The last business term's target numbers of performance and handling volume and their growth rate compared with the full year ending March 2016 (previous term) upheld in the mid-term plan are as shown in the tables. It will consolidate sales of APLL into those of KWE for a full fiscal year from the current year on, and plans to expand them by half as much again by way of increasing volume. As both air and marine cargo volume is planned to grow 1.5 folds, especially marine cargo volume is forecast to rise at the similar rate as the last three years in the previous mid-term plan when it surged dramatically. However, while air cargo's growth rates have stayed at around 3% for the past three years, it seems not easy for it to mark an additional growth of more than 50%.

The priority customers include about ten European and American companies, and their total share in the air cargo volume is 27%. The company is to increase cargo volume commissioned from existing clients in those areas, while accelerating its effort to garner new customers.

As the company will positively offer competitive rates for contracts which it expects will generate profits in future, Ishizaki said it will "not target contracts which would not yield profits for long." In particular, the company aims to focus on ex-Asia cargo bound for North America in a bid to expand volume.

While its international business went well in the first half of FY2015, the company was compelled to mark a steep fall in its profit, and see the profit decline at the phase of operating profit and loss in the consolidated result due to the red ink stemming from APLL business whose accounting of the first-half fiscal term was consolidated. Although APLL posted a profit of about Y2.5 billion in the second half of FY2015, KWE, saddled with costs of more than Y800 million from the acquisition of APLL and more than Y3.3 billion from the amortization of goodwill, marked a deficit of more than Y1.4 billion in the final result for the whole fiscal year. Ishizaki explained, "APLL had been expected to make Y1 billion more operating profits than the actual result. However, both sales and profits eventually nosedived, against a background of the customers who had a special rate contract with us. Affected by stagnant cargo flow on the whole, the performance did swing downward."
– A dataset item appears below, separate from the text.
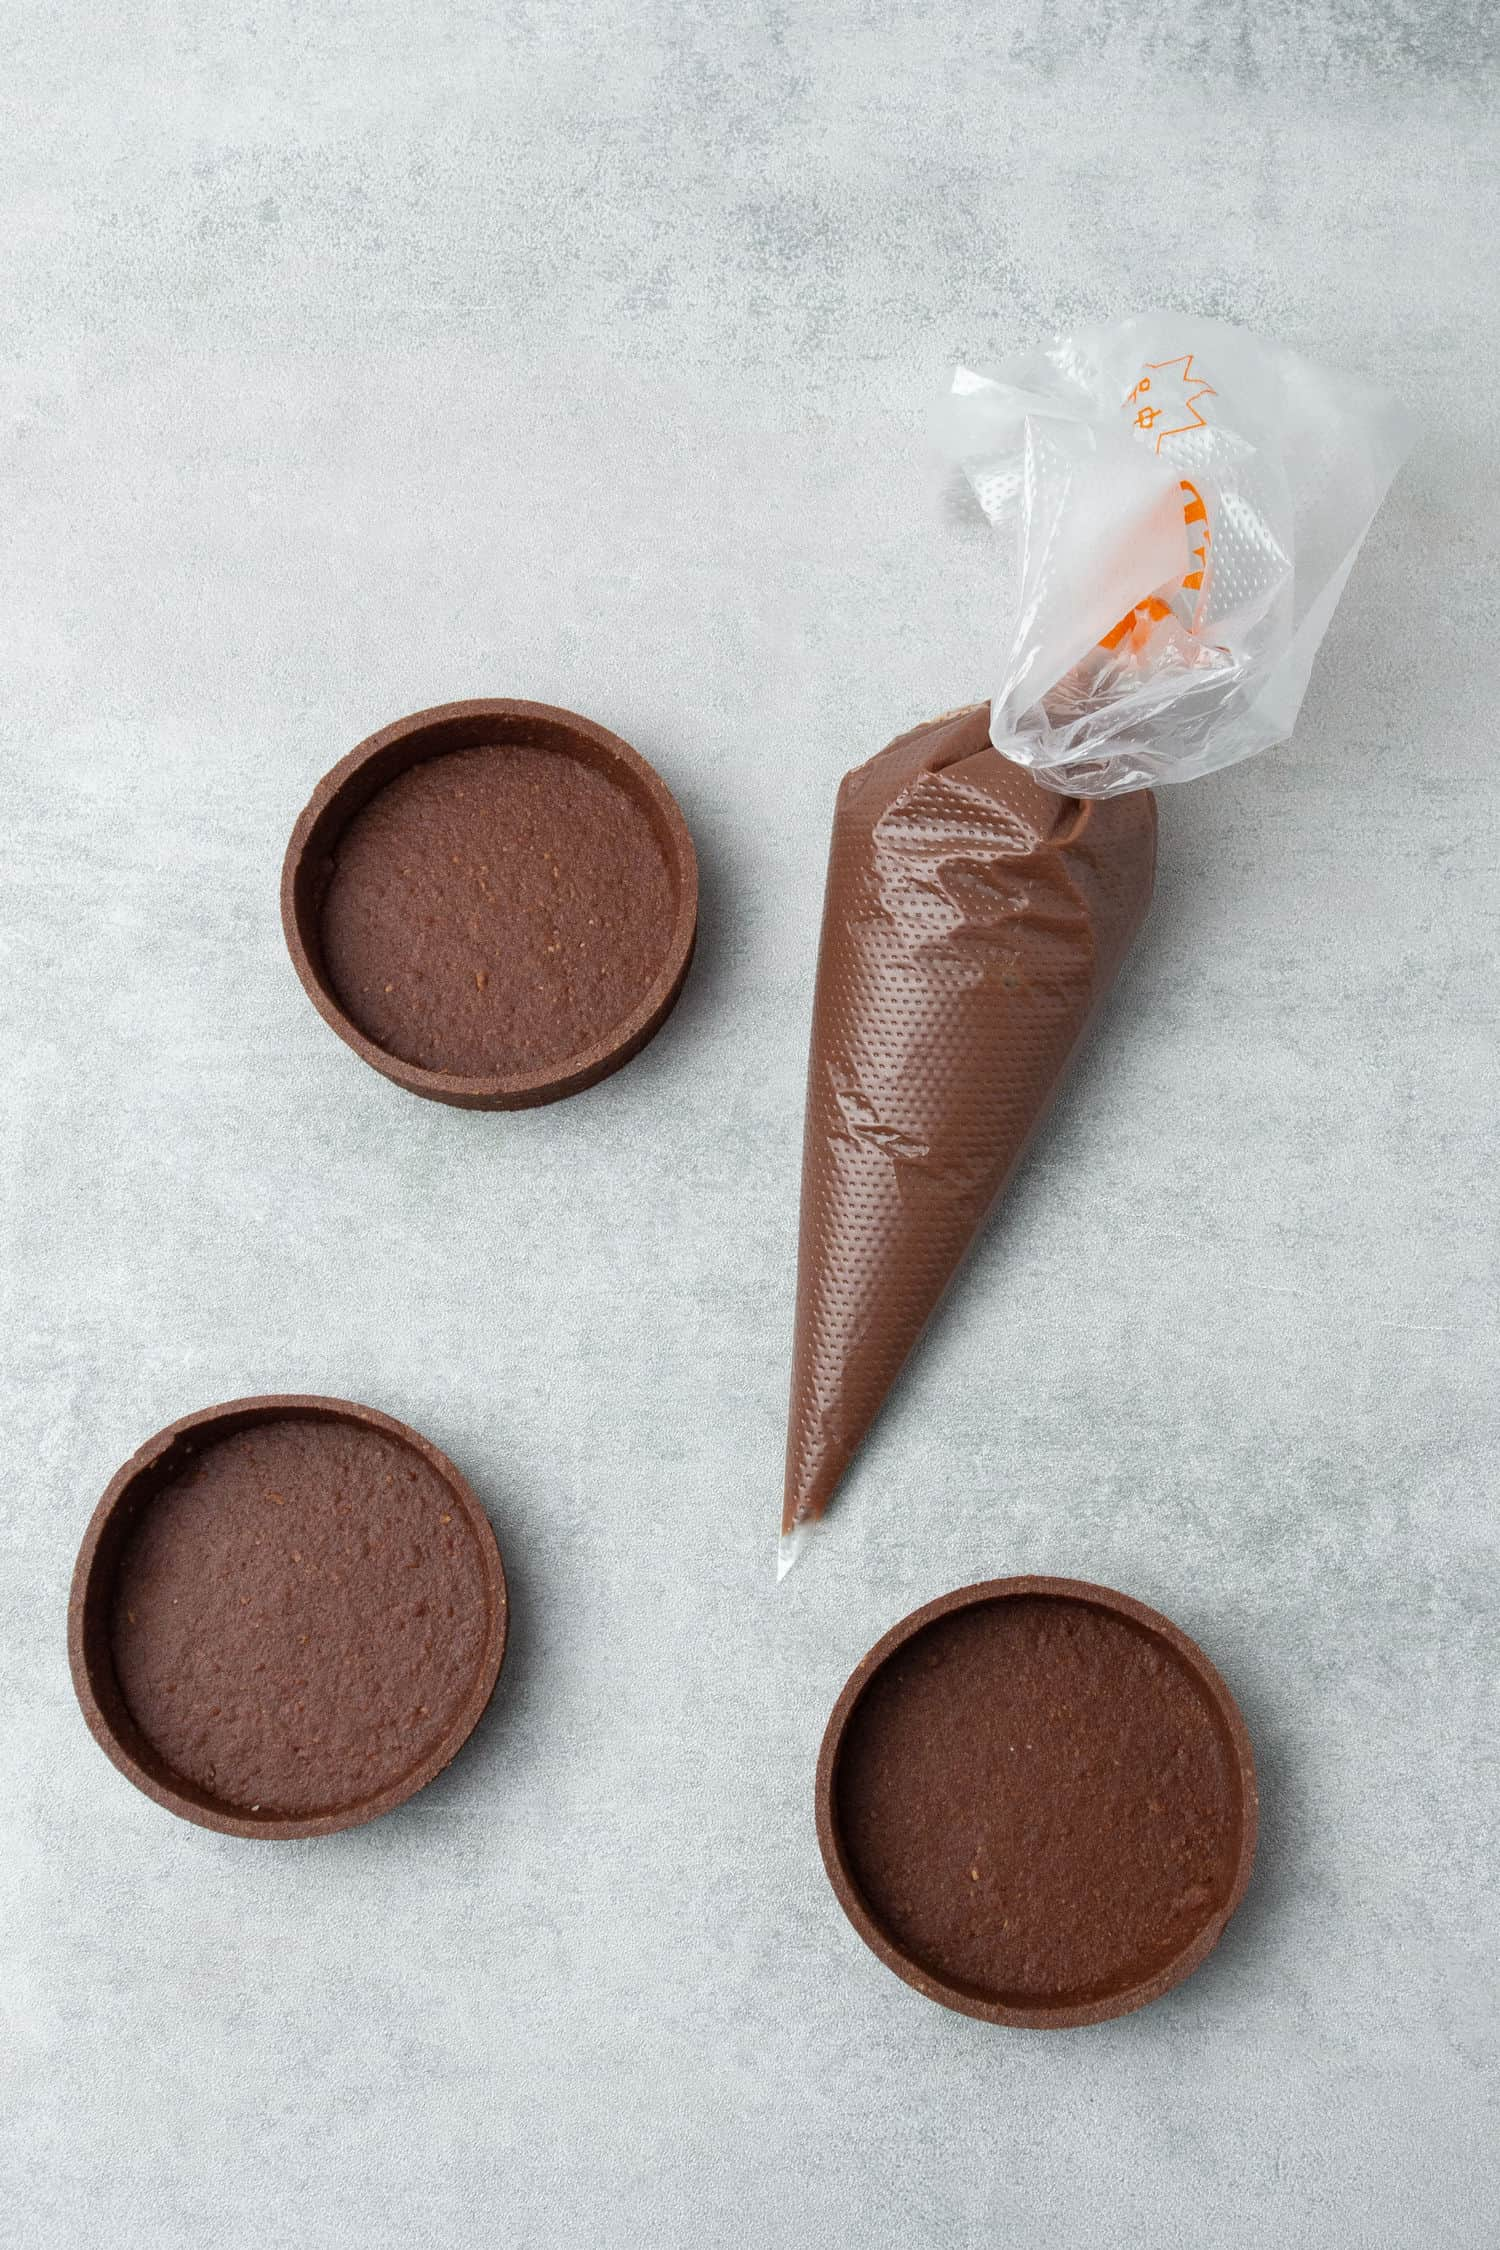 Chocolate & Passion fruit tart process

In the current fiscal year, profits generated by APLL is estimated to rise. As the goodwill amortization will cost it approximately Y6.4 billion per year for the next 20 years, the final contribution to the profit will be limited. But the company plans to gradually accumulate the profit size. According to the profit plans in the new mid-term plan period, it is forecast to post a deficit of Y400 million in the current fiscal year, a profit of Y110 million in the full year ending March 2018, and a profit of Y210 million in the final year.